- **Assignment**
Return the listing exactly, please; no pictures.

- **Input data**
-.-.-
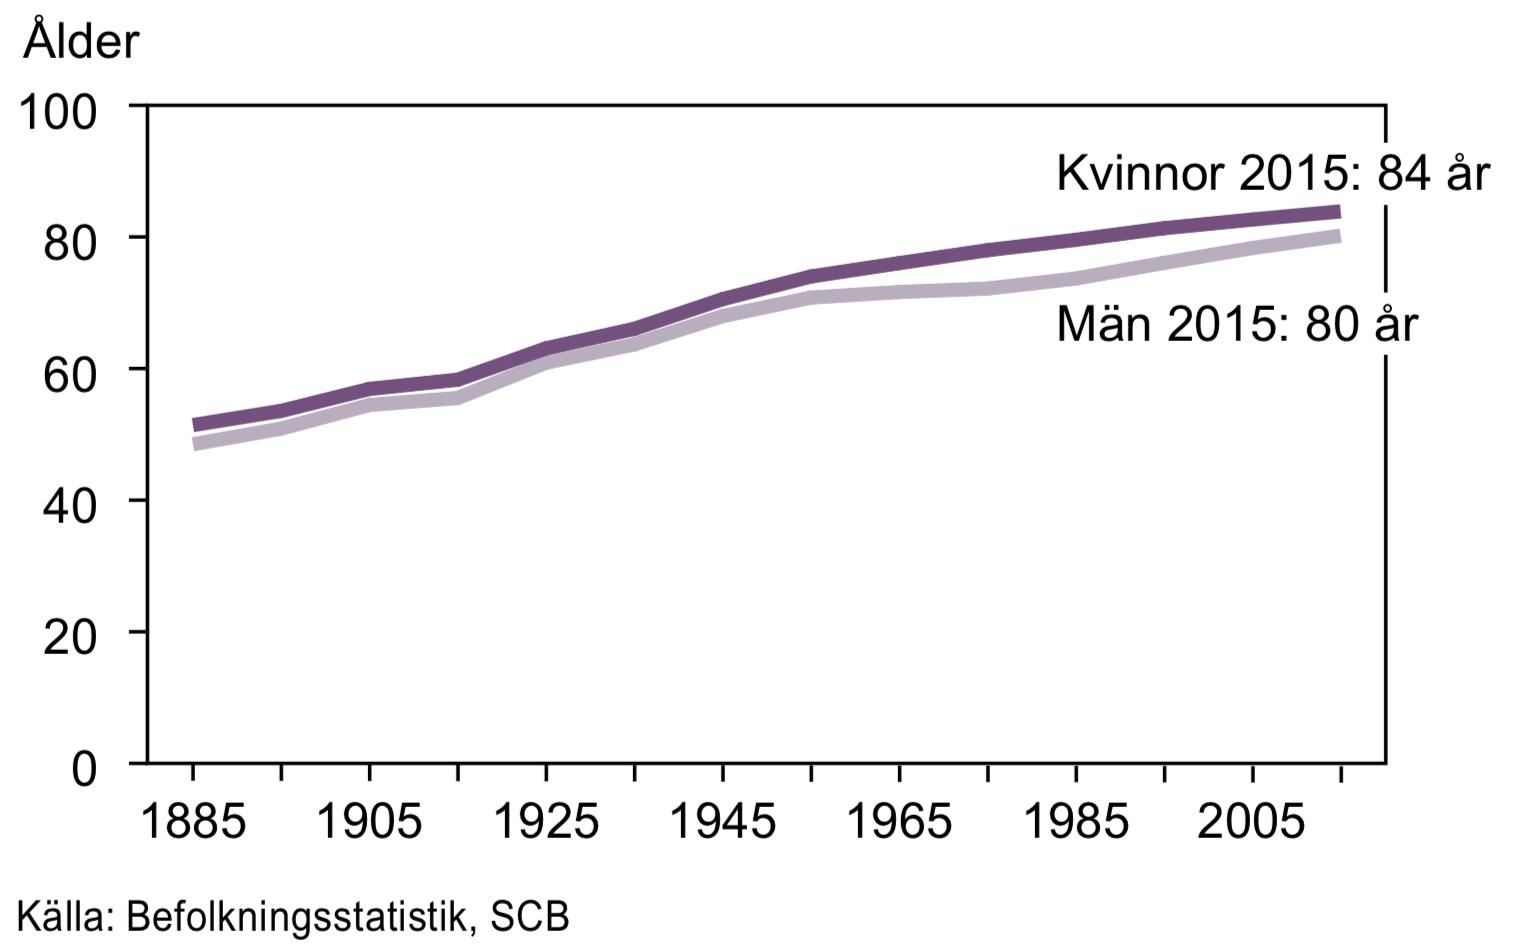 Återstående medellivslängd vid födelsen 1885-2015
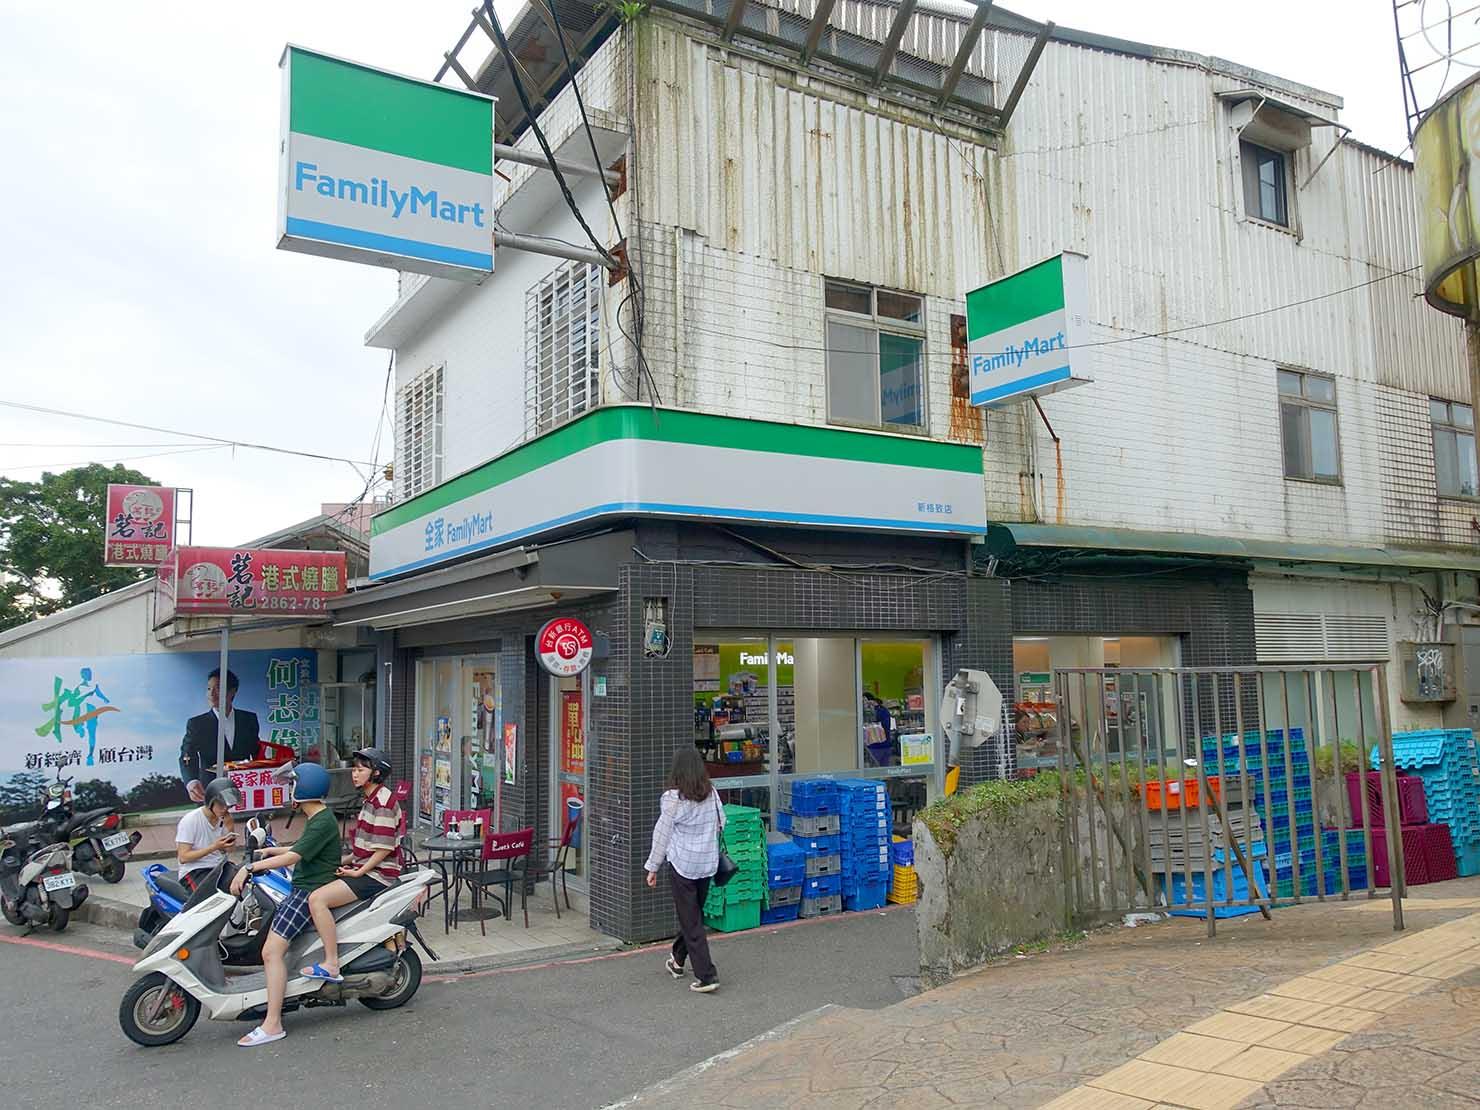 台北・陽明山のレストラン「草山夜未眠」へのアクセス(格致路55巷のファミリーマート)
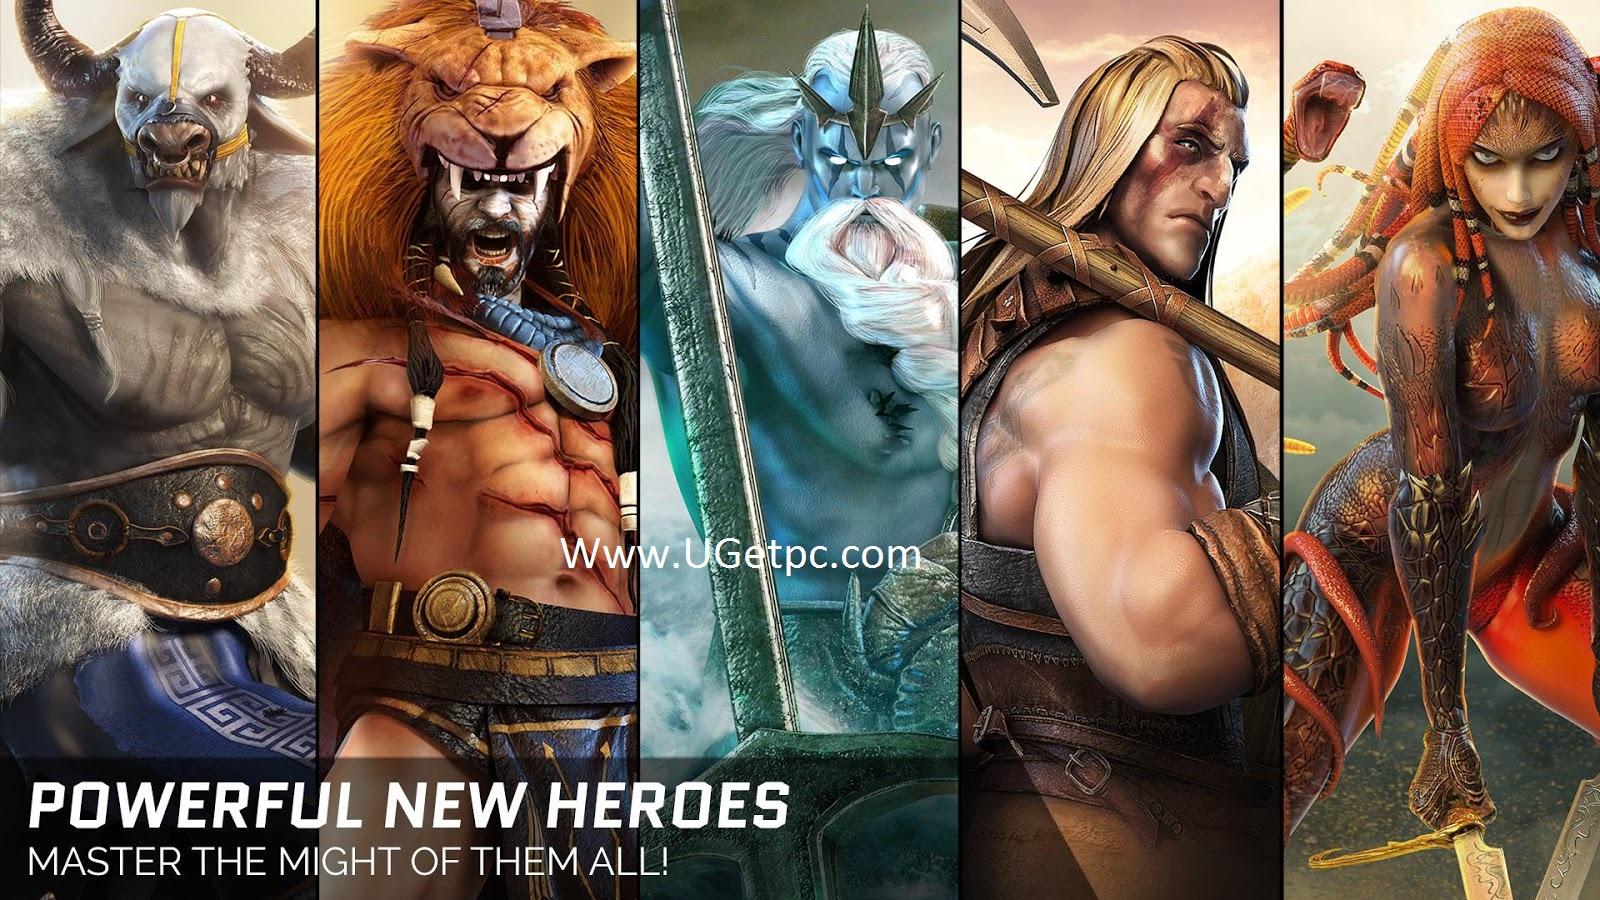 Gods-of-Rome-Heros-UGetpc
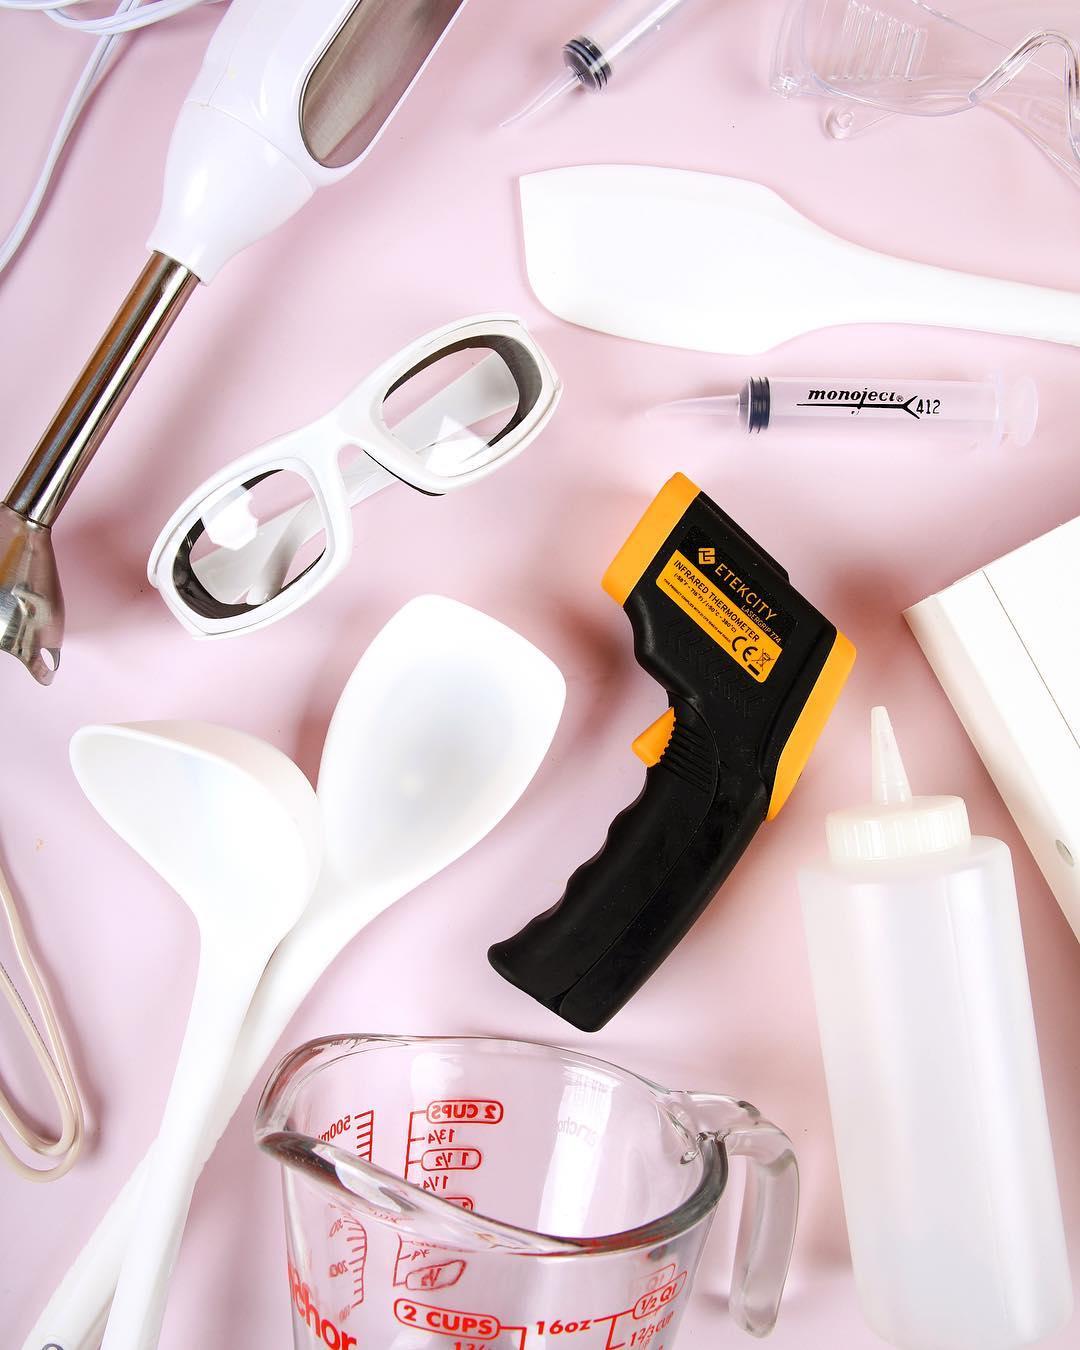 art0119 make soap at home tools
-.-.-
- **Written response**
 Återstående medellivslängd vid födelsen 1885-2015
 台北・陽明山のレストラン「草山夜未眠」へのアクセス(格致路55巷のファミリーマート)
 Gods-of-Rome-Heros-UGetpc
 art0119 make soap at home tools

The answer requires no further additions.